By now many people have heard of the amazing work of Greg Mortensen whose story has become the best-seller "Three Cups of Tea." After being rescued during a mountain climbing accident in 1993 in a remote part of Pakistan, Mortensen decided to return to the remote, impoverished area to help build bridges, sewers, roads and especially schools, particularly schools for girls. While recovering he watched the village's 84 children sitting outdoors, scratching lessons in the dirt with sticks. The village was so poor that it could not afford the $1-a-day salary to hire a teacher. As he left the village, in thanksgiving for their kindness, he promised that he would return to build them a school.

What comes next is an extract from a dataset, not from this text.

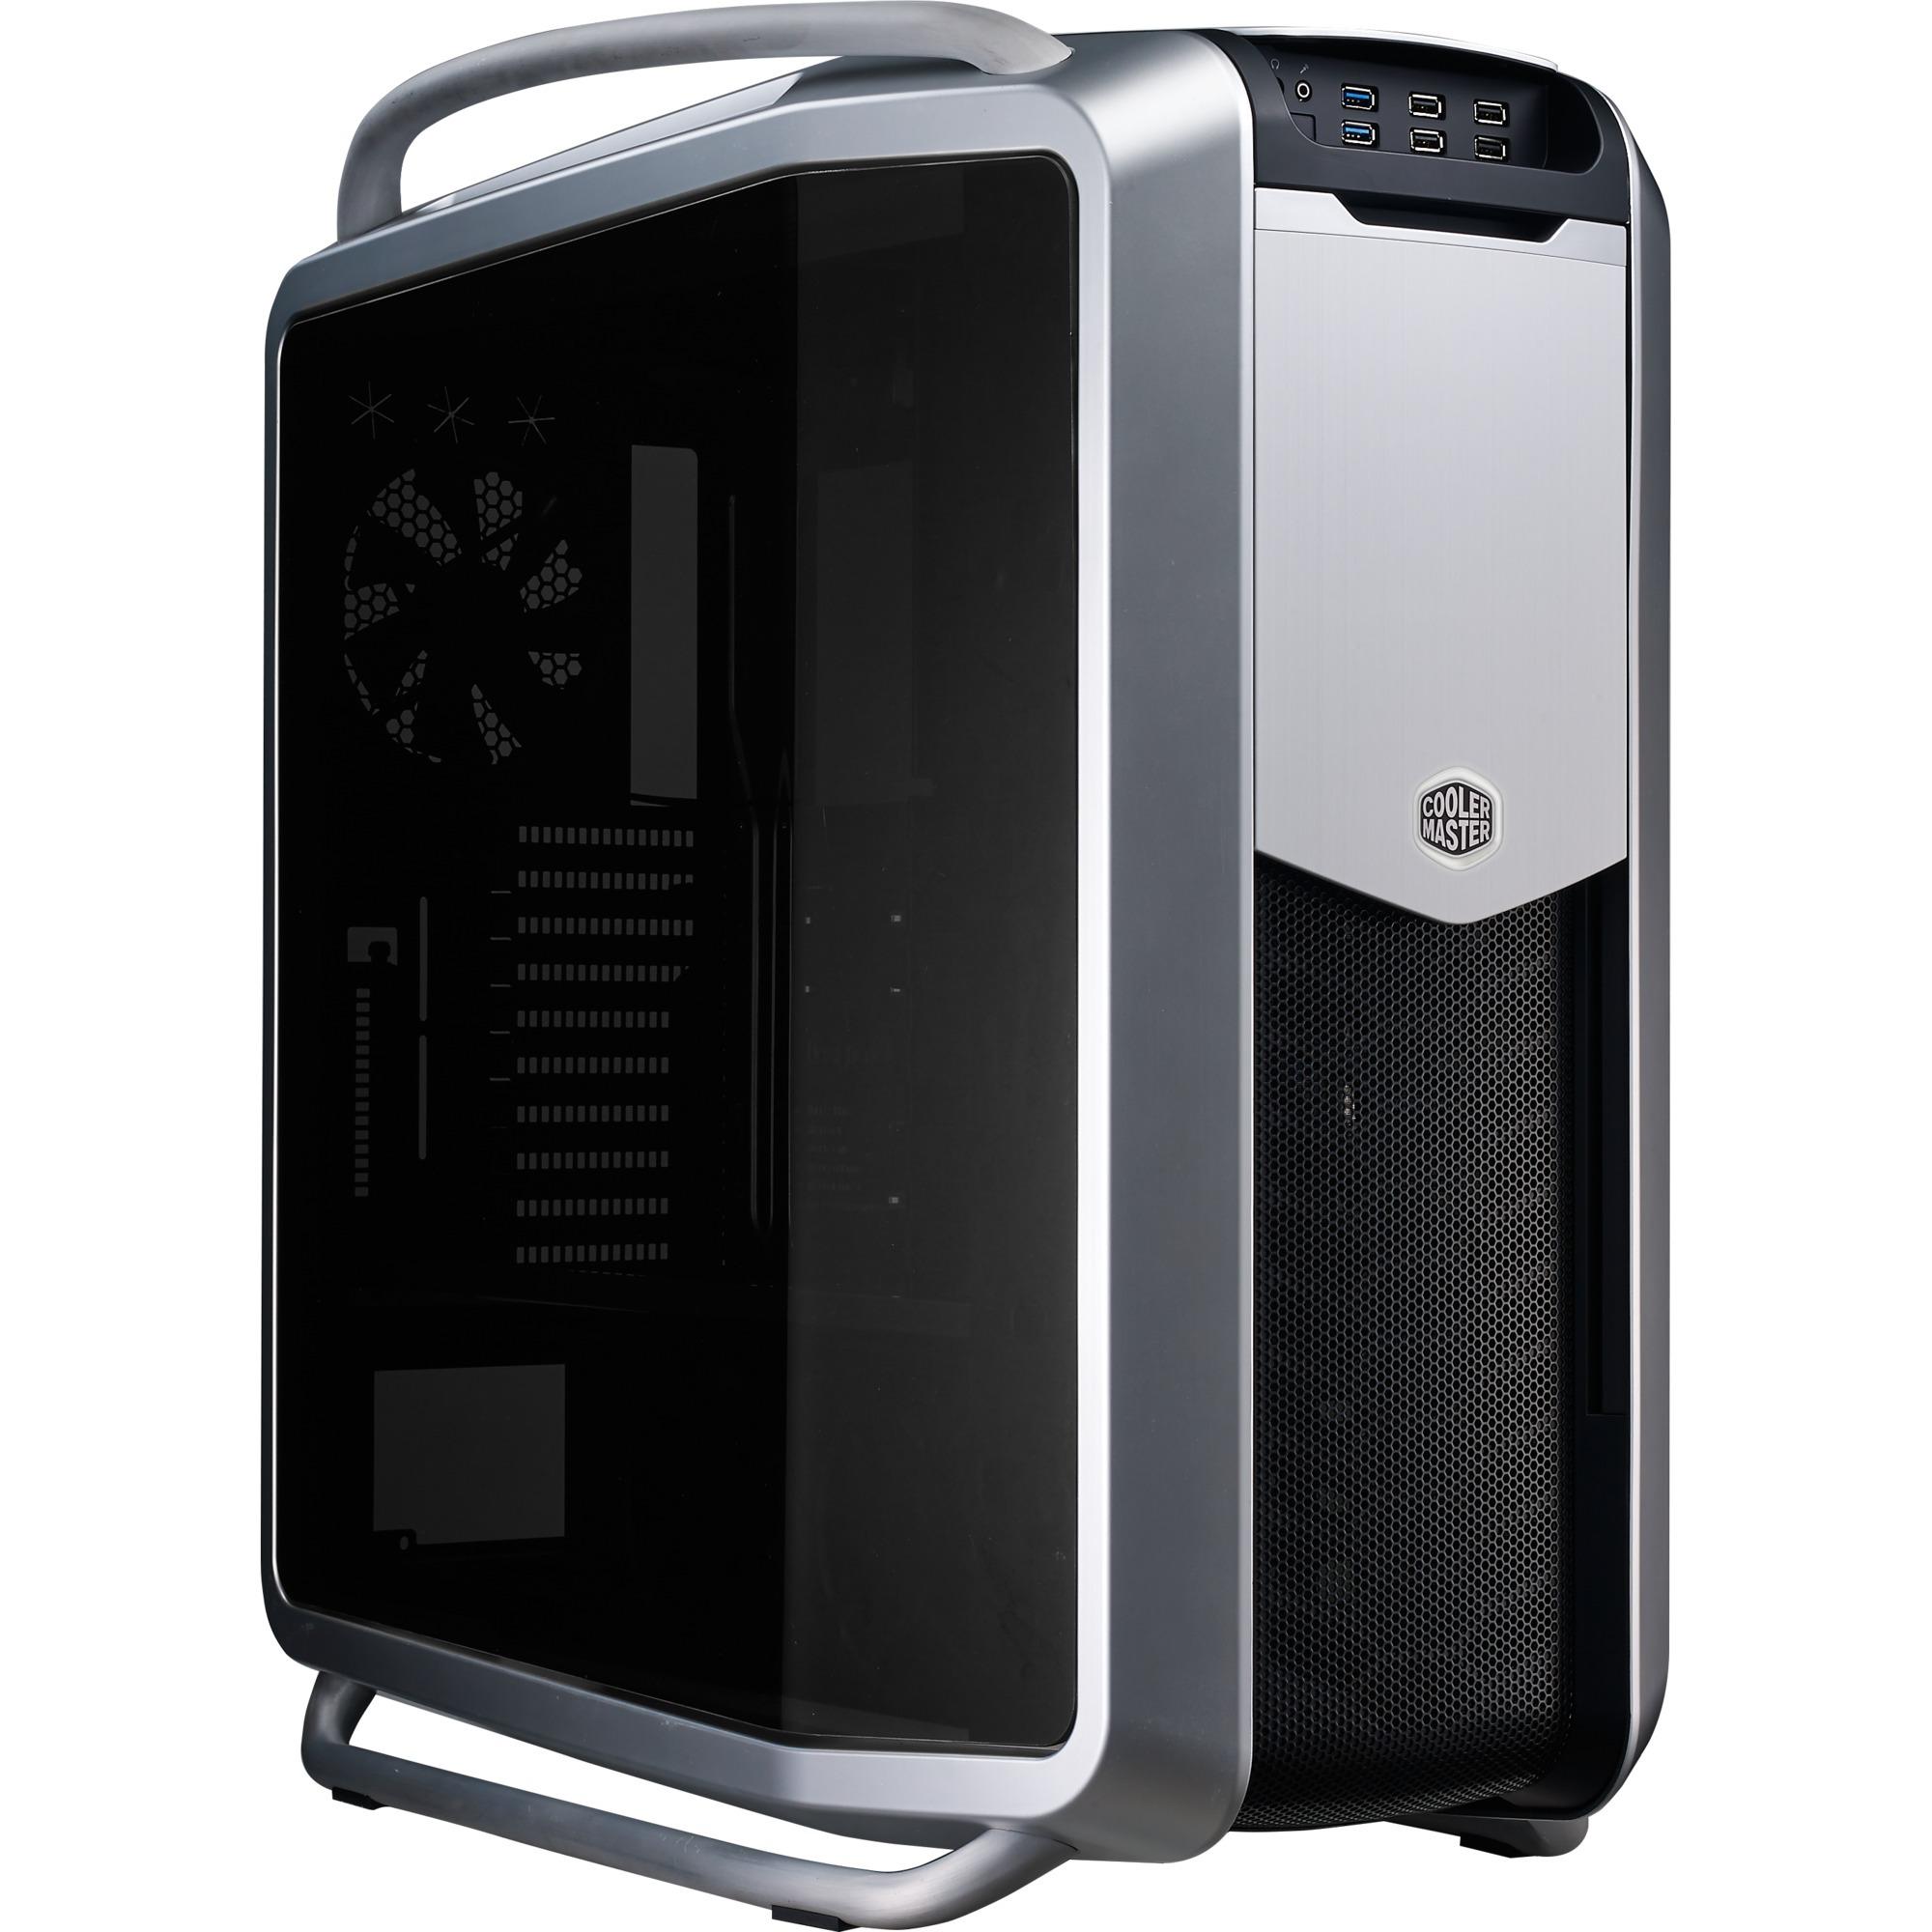 Cosmos II Ultra torre Negro, Plata carcasa de ordenador, Caja de torre grande

He had no experience in fund raising, and his efforts made little headway. However, the big turnaround came when a group of elementary school children in River Falls, Wisconsin had a penny drive. The children collected 62,300 pennies and donated $623 to Mortenson's effort. The story had legs. The children's gift became a tipping point, catching the attention of adults, and Mortenson began to attract larger donations. Jean Horni, a Swiss physicist gave the first large gift of $1 million in 1996 to build a bridge and a school in the village where Mortenson had been cared for.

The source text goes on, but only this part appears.